Biorefining advocates may be better off looking at different industries for inspiration. McMillan says one such model would be the corn wet milling industry. Starch is the product that pays the bills for these companies, but they also produce a host of other products including dextrose, high-fructose corn syrup, dextrans, corn oil, corn gluten and corn fiber. As market conditions change, the wet mill can shift production to its most profitable mix of products. "Another example is the sugar industry in Brazil," McMillan says. "There you are taking a product-sugar-that can be made into ethanol. Then you ask which is more valuable, ethanol or sugar? You are taking the same starting material and asking, which way should I go, how do I break this down or fractionate to maximize my return and minimize my risk?"

The pulp and paper industry is another player well-positioned for biorefining.
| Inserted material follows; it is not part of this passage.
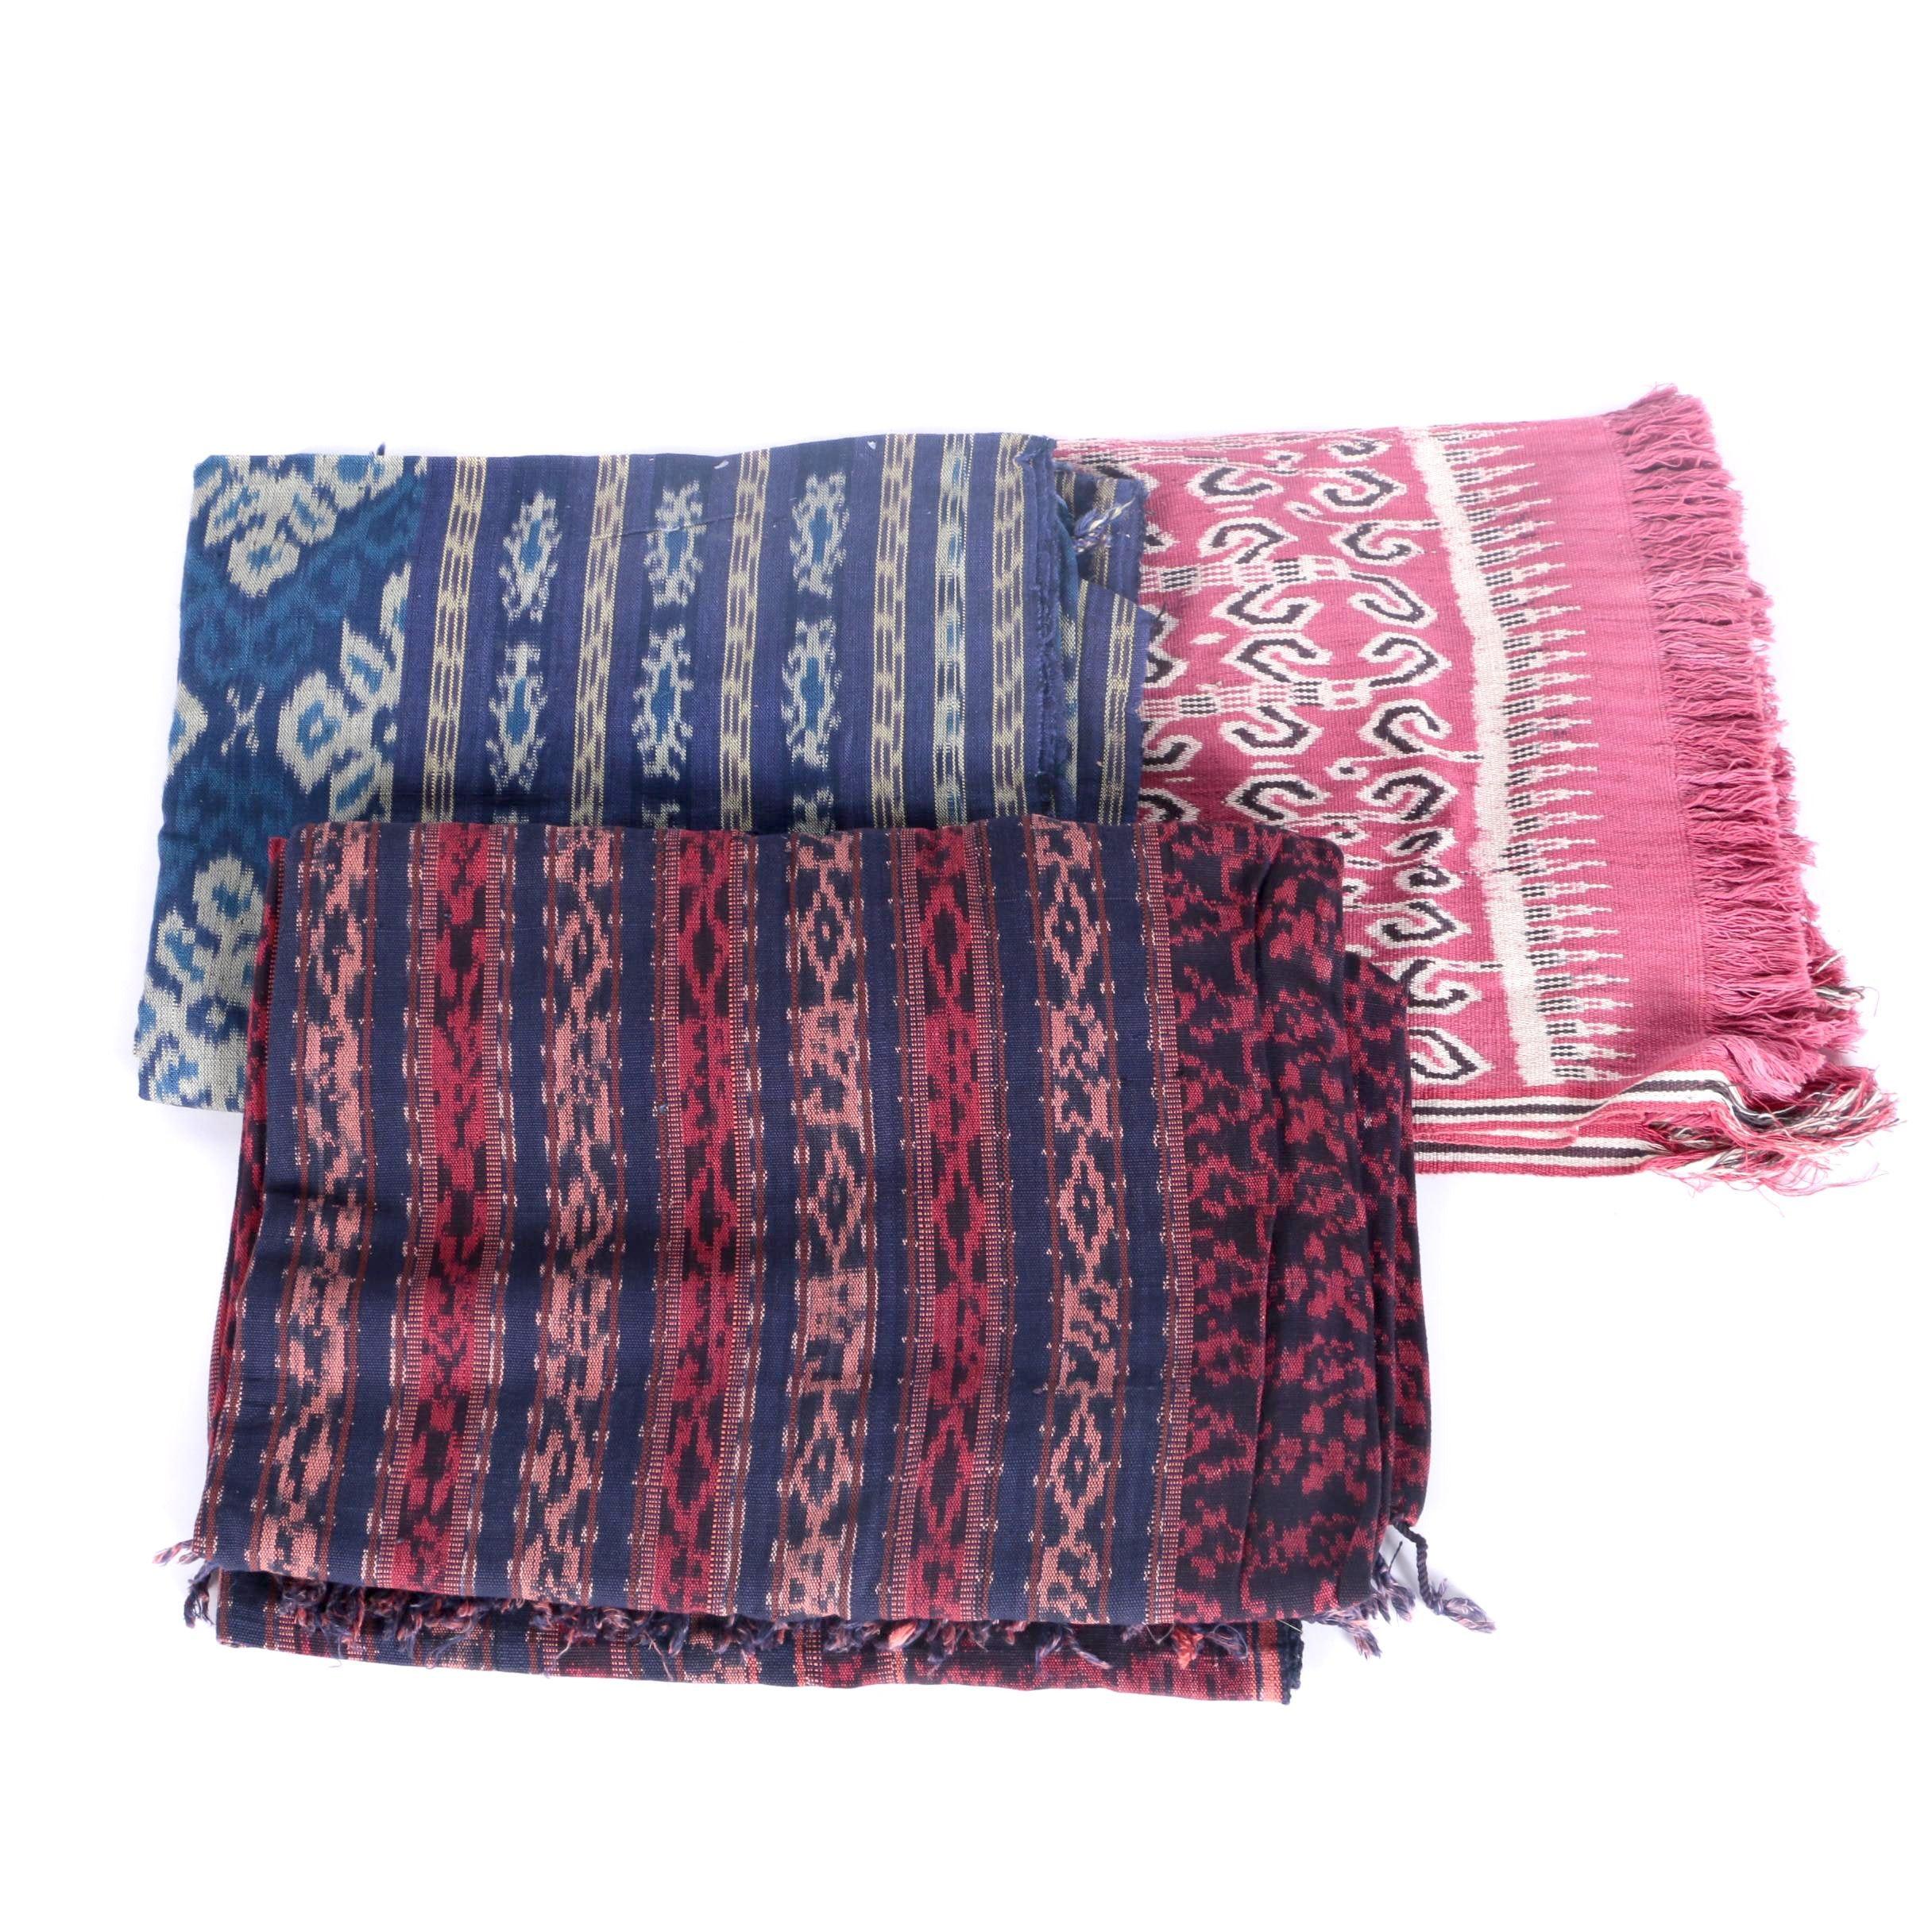 Three Indonesian Textiles

It has a history of efficiently harvesting and transporting large quantities of biomass and separating it into its components. The BDC is a paid membership group of pulp and paper companies and their suppliers working to advance biorefining in the forestry industry in Wisconsin. "We are doing our investigation of the multiple pathways of transitioning paper mills into biorefineries," Schutt says. "A paper mill is a little like a cow. You put the wood chips in a digester much like a cow's stomach. Out of it comes cellulose that the paper companies want, but you can also pull out the hemicellulose."
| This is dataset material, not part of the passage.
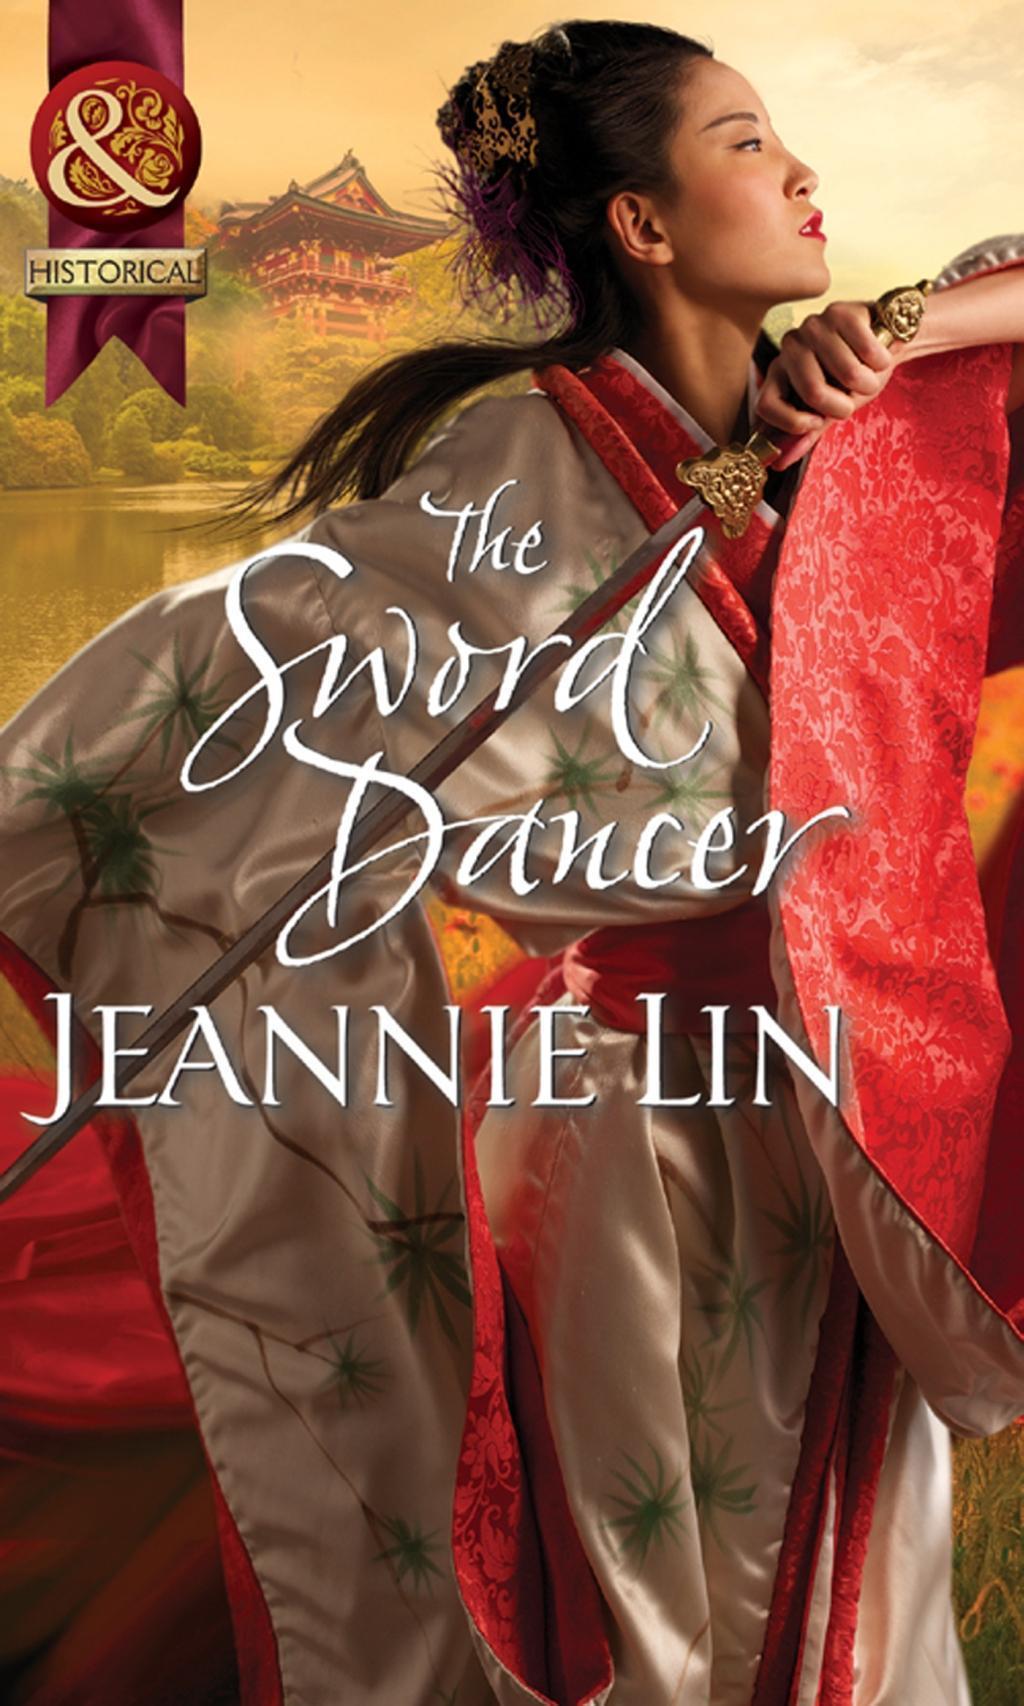 The Sword Dancer (Mills & Boon Historical)

Paper plants using the sulfite process for making pulp can also extract the hemicellulose, which can be broken down for ethanol and acetic acid production. However, there are only a few sulfite mills left because they are more costly to operate than kraft mills, Schutt says. If biorefining becomes more profitable sulfite mills could make a come back.
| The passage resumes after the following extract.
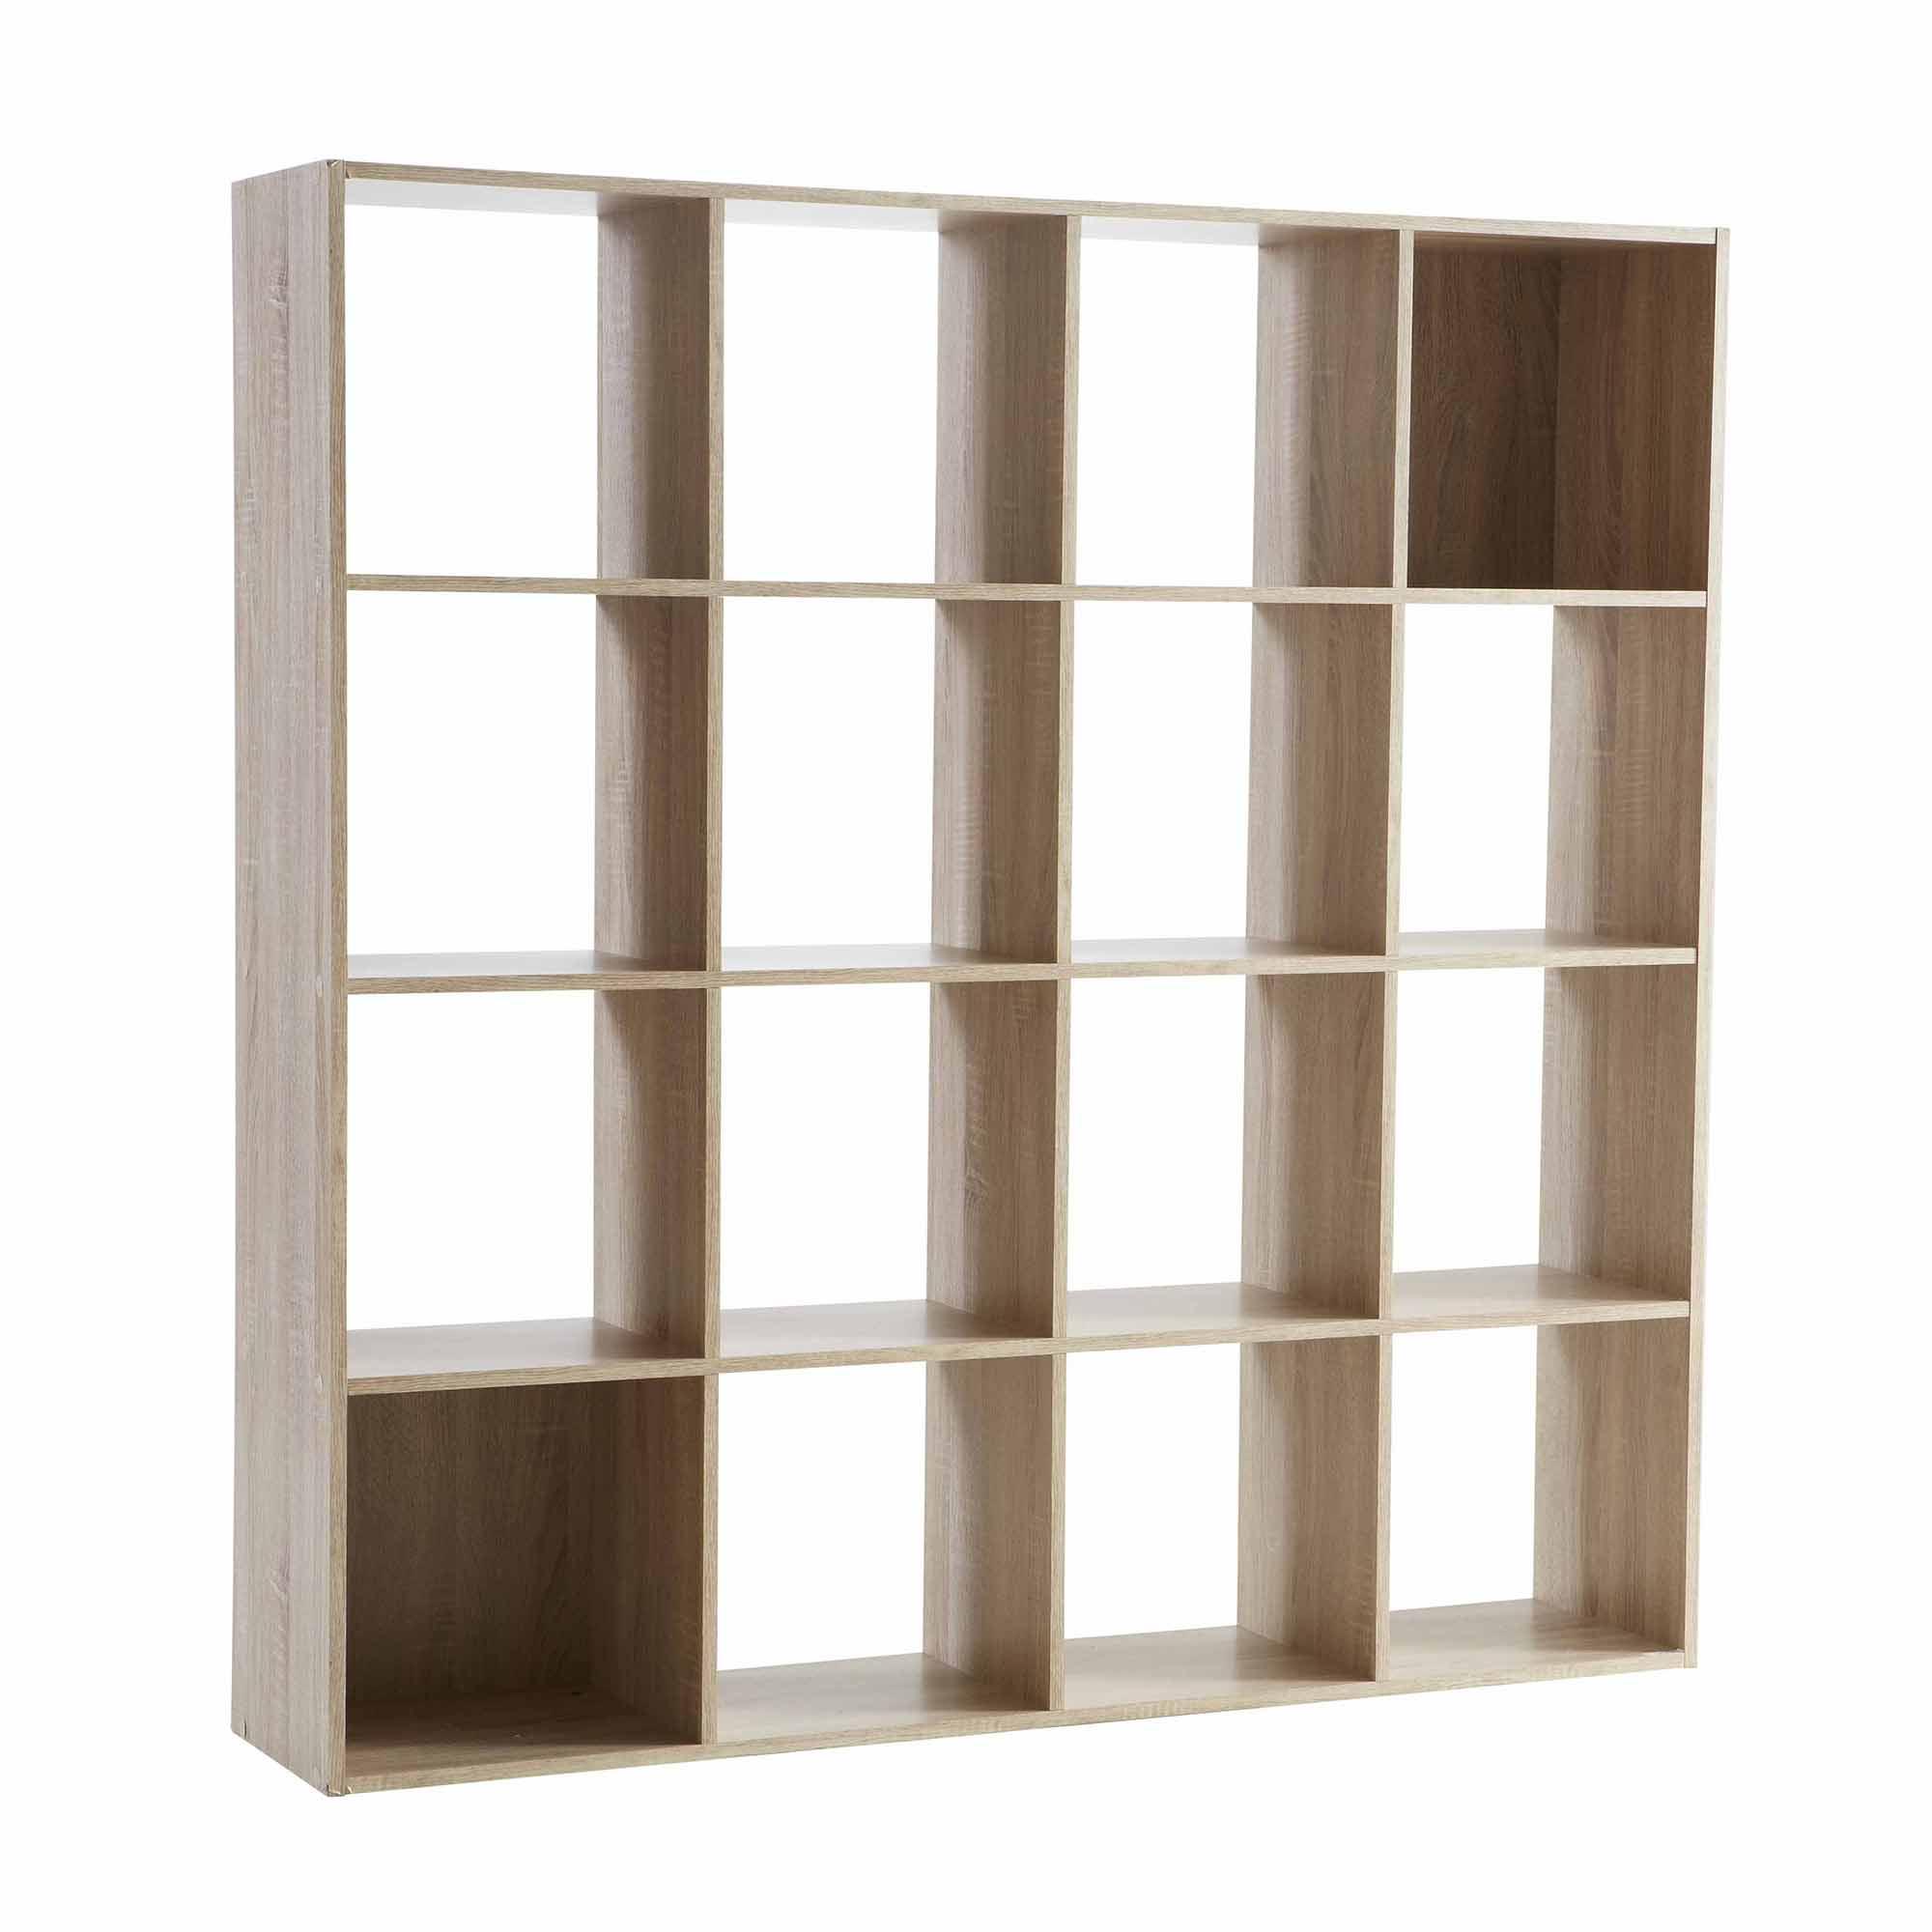 etag re biblioth que cosmos 16 cases en bois comparer. Black Bedroom Furniture Sets. Home Design Ideas

The lignin content of wood is another potential feedstock stream for pulp and paper producers. Currently, most pulp mills burn the lignin for process heat and steam. Some pulp mills are installing gasifiers to make syngas out of the lignin, Schutt says. At worst, these mills are guaranteeing themselves a reliable source of energy, but using a gasifier opens up other avenues for biorefining as well. "The technologies for scrubbing the syngas are becoming more practical," Schutt says. "Suddenly, you can start looking at what else you can make out of the syngas. Well, we know once the syngas is scrubbed there are a number of things you can start working on."

Real Progress
The U.S. DOE has refocused its attention on the production of biofuels, McMillan says. However, the USDA, along with the DOE, recently called for proposals for $18 million into biomass research. Thirty percent of that money will be targeted to product diversification.

McMillan also believes the recent DOE grants totaling $385 million awarded to six companies for cellulosic ethanol pilot projects will be very important to the eventual development of biorefineries. Each company is using different technologies to make sugars or syngas from biomass, which will be the necessary first step in any biorefining process. "You will see in two to four years all of these plants starting up and testing the technology at that scale," he says.

Schutt thinks the biorefinery concept may be inevitable. Eventually, ethanol supply will begin to catch up with demand and, like the pulp and paper industry, the ethanol industry will start looking for ways to diversify its income stream. Although that may be years down the road, he thinks forward looking companies are already thinking about that. "They're asking, ‘What should I be doing five years from now when the price of ethanol is 70 percent of what it is today?'" Schutt says. "We're trying to help them develop strategies and know what new technologies are out there. We want to introduce them to these new processes and technologies so they are ready. These things take time."